Какое-то время вода еще пенилась. Они молча смотрели, беспокойно очищая свою шерсть.
- Смотри, - вдруг шепотом произнесла Сипирод. - Возле мешка еще один кэвианди. Должно быть, пытается освободить свою самку.
- Разве мы не попытаемся что-нибудь сделать для Кальдо Тикрета?
Сипирод сделала рубящий жест:
- Что? Прыгнуть за ним? Он убит. Неужели ты этого не понимаешь? Забудь о нем. Мы должны поймать кэвианди. За это нам платят. Чем быстрее мы найдем второго, тем скорее мы сможем вырваться из этого проклятого места и вернуться в Доинно. - Черная поверхность озера успокаивалась. - Да, убит. Ты должен быть таким, как сам говорил до этого: проворным и удачливым.
- Кальдо Тикрет оказался неудачливым, - дрогнувшим голосом произнес Виром.
- И непроворным. Теперь я зайду сбоку, а ты подойдешь сзади с мешком…
Рабочая комната находилась на втором подуровне Дома Знаний в расположенном в центре Доинно официальном секторе: яркие огни, нагромождение лабораторных станков и разбросанные повсюду обломки древних цивилизаций.

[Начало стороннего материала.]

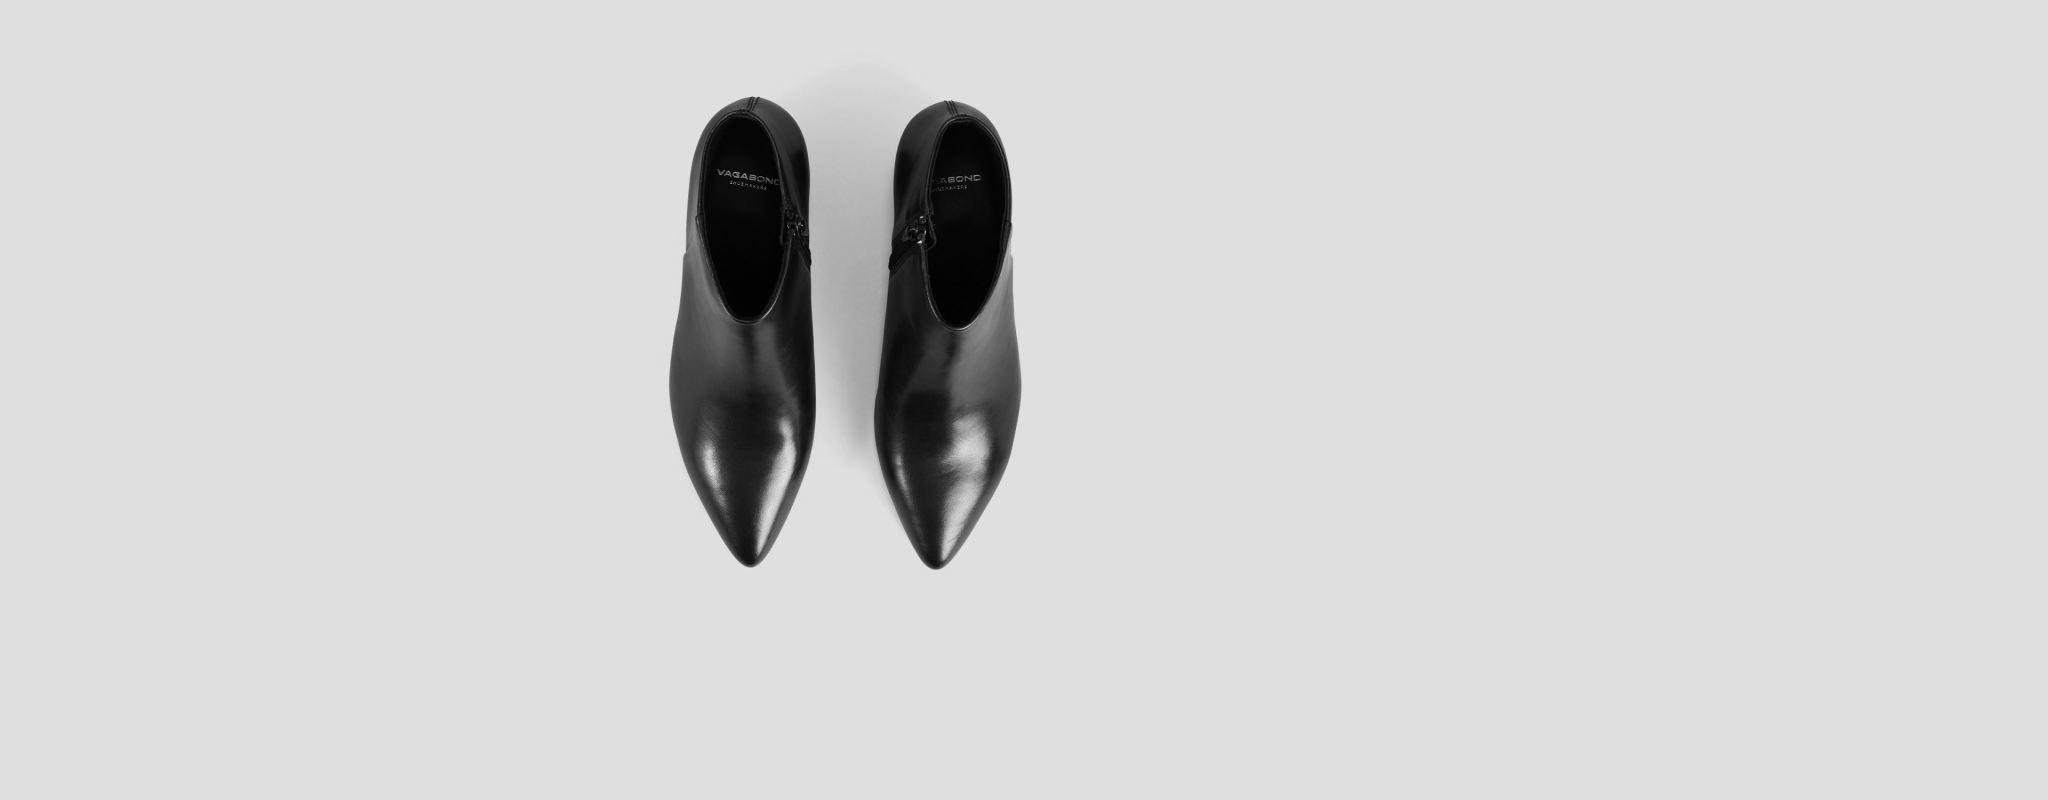 Mya Half High Black Leather Boots-2

Плор Килливаш деликатно нажимал на кнопку включения режущего инструмента, который держал в руке. Поток тусклого света опустился, заливая вонючую, уродливую глыбу неизвестно чего - огромную как бушель и суженную к концам подобно яйцу, - с которой он возился уже целую неделю. Он поместил глыбу в фокус и быстро сделал поверхностный срез, потом другой, потом еще один и еще.
Эту штуку неделю назад принес рыбак, настаивая, что это реликт Великого Мира - сундук с сокровищами древнего народа мореплавателей. Все материалы, имевшие отношение к ним, находились под ответственностью Плора Килливаша. Поверхность глыбы была скользкой, с густыми наростами губчатого вещества, кораллов и мягких розовых водорослей, и из нее постоянно капала затхлая и грязная морская вода. Когда Плор Килливаш слегка стукнул по глыбе гаечным ключом, та издала глухой звук. Плор потерял всякую надежду.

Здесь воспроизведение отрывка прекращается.